Any Shorin-Ryu guys on MT who are familiar with Yamashita? I've looked him up online, and can find plenty of stuff about the man himself, but precious little about his karate clubs. Two of his clubs are near me, and I'm wondering what to expect. What will be different from other Shorin-Ryu styles? Is training likely to include sparring?

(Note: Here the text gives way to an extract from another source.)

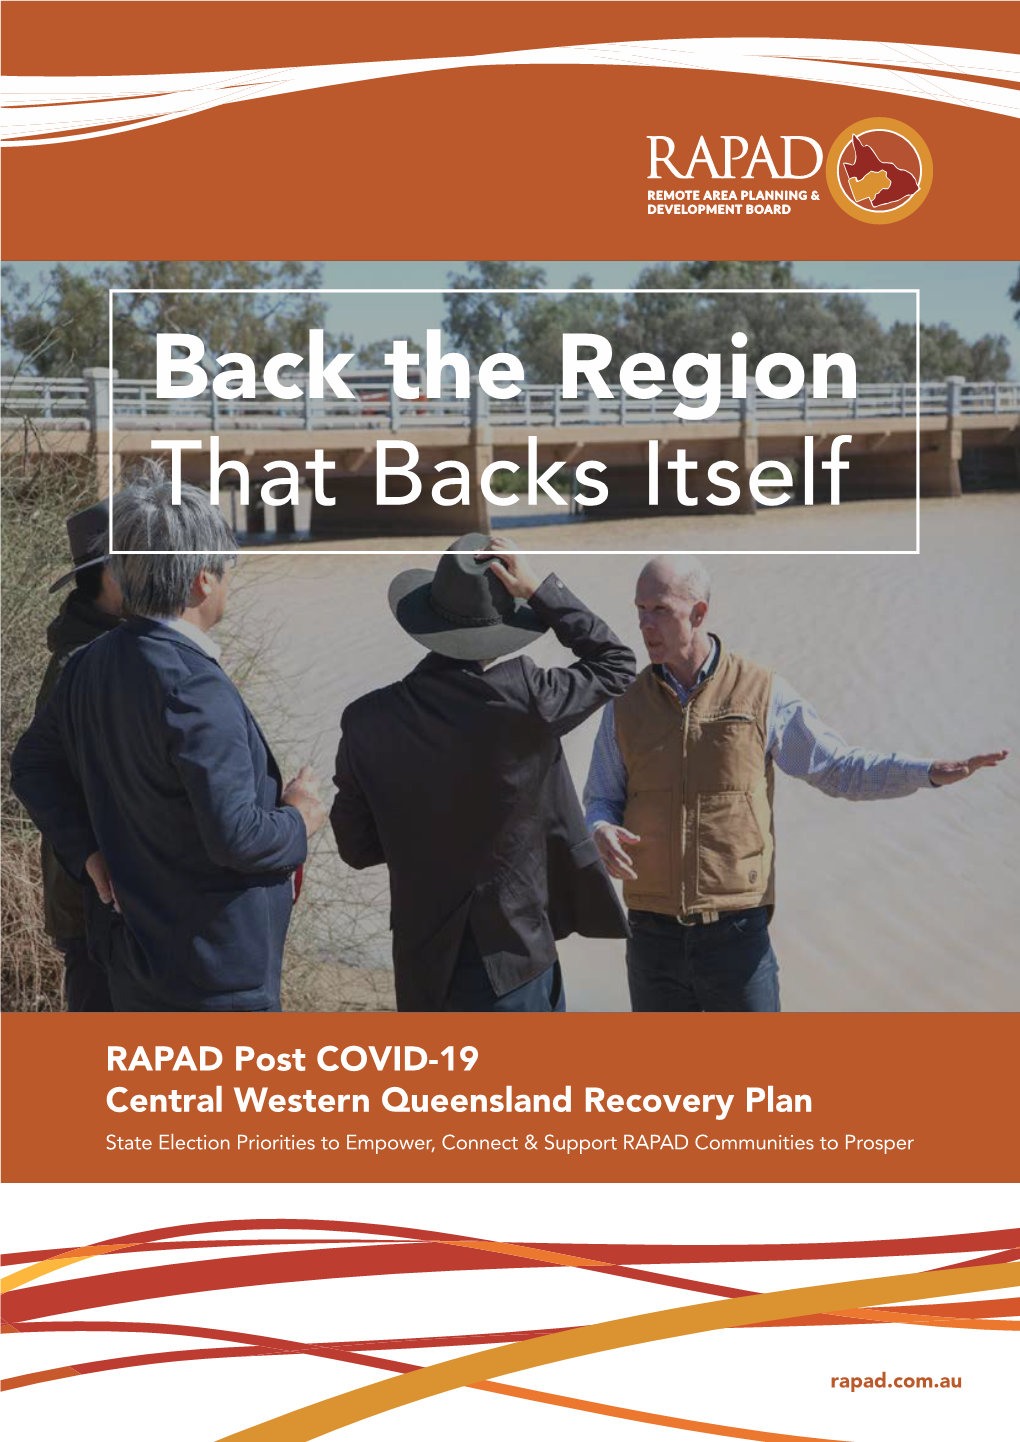 RAPAD Post COVID-19 Central Western Queensland Recovery Plan State Election Priorities to Empower, Connect & Support RAPAD Communities to Prosper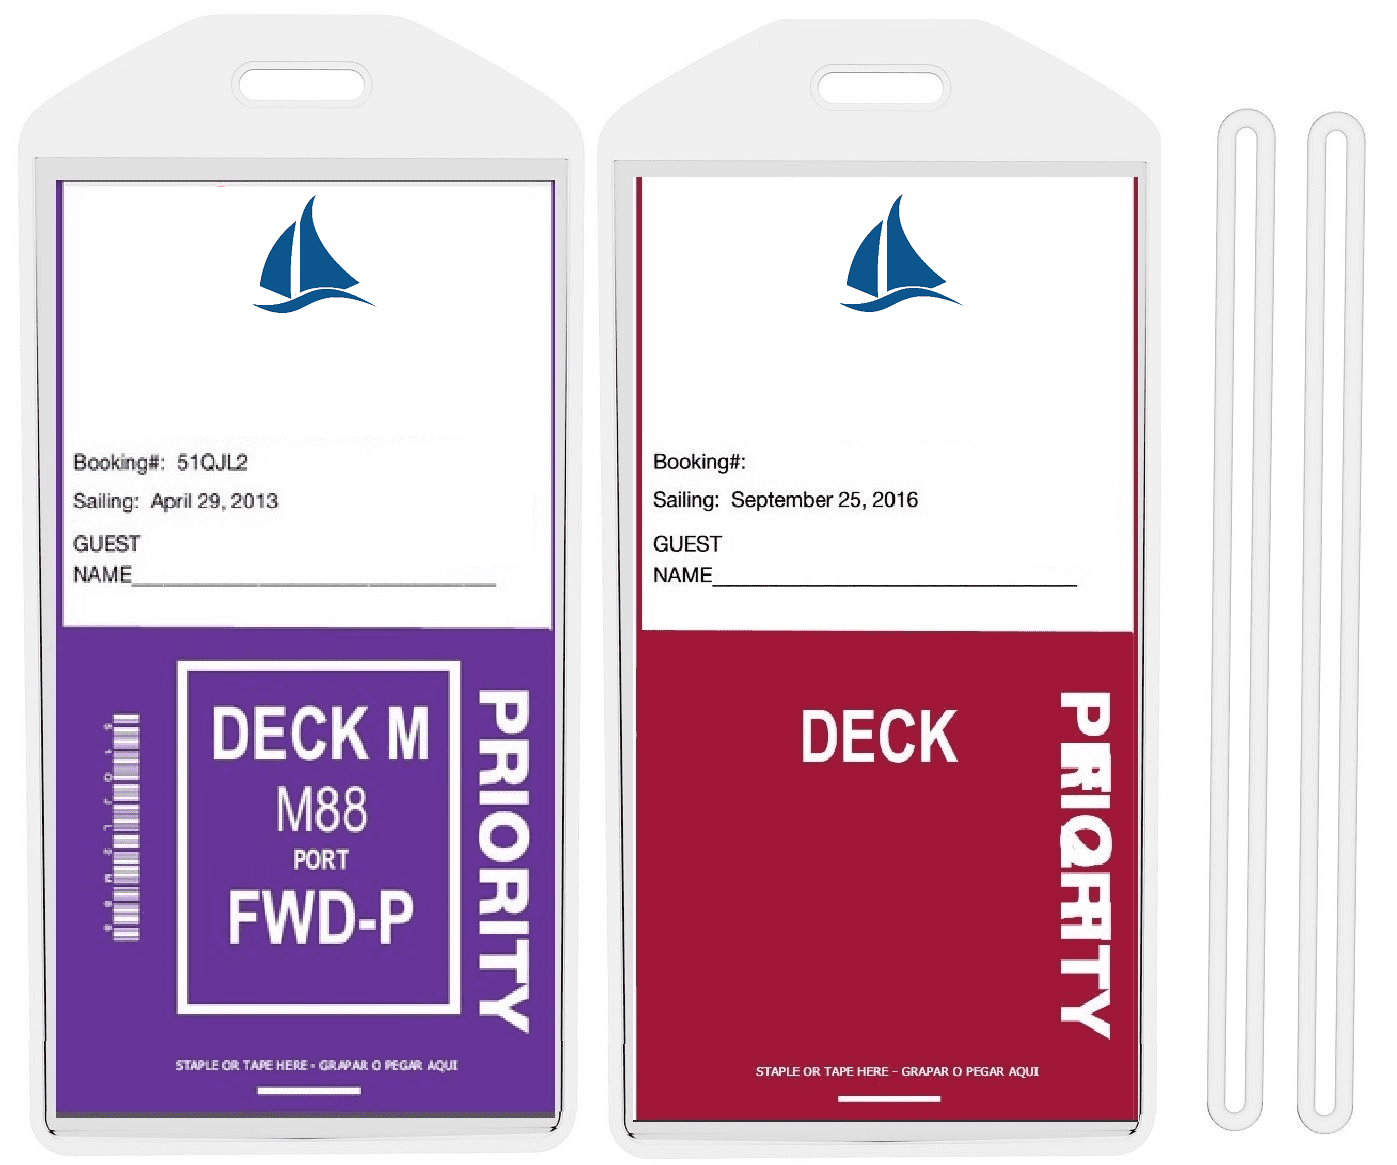 Cardinals Bird Cruise Luggage Tag For Travel Tags Accessories 2 Pack Luggage Tags

Any info would be much appreciated. I'm a noob when it comes to karate.


----------



## Ray B (Feb 18, 2012)

Yamashita's karate is throught the Chibana line. Chibana-Nakazato-Yamashita. 
There are typically a lot of yakusoku and free sparring. He is also known for his kobudo.


----------



## OwlMatt (Feb 19, 2012)

Thanks a lot. I had gotten hints of the kobudo from what I had found, but nothing about sparring.


----------



## chinto (Mar 24, 2012)

yes I know a man who studied under him in the mid west at times. his instructor was a student of Yamashita Sensei.


----------



## rframe (Mar 24, 2012)

When I was a little kid I studied Yamashita Shorin-Ryu in the midwest for maybe 6-9 months under sensei Pat Kerrington.  I probably cannot tell you much more than you can google on it, as I was pretty young.  I still have my tiny little gi with the Yamashita cobra/tiger/eagle shield on the back and my old orange belt.


----------



## FabianosKarate (Oct 24, 2012)

Our head Sensei, Mr. Tom Fabiano, trained with Sensei Yamashita for several years. This is where he was introduced to several of the applications we use in class still today. From what I remember (and don't 100% quote me), Sensei Fabiano wasn't a huge fan of how Sensei Yamashita tested his black belts. Mr. Fabiano has very high standards when it comes to technique and he doesn't feel that some of Yamashita's students truly earned their rank.


----------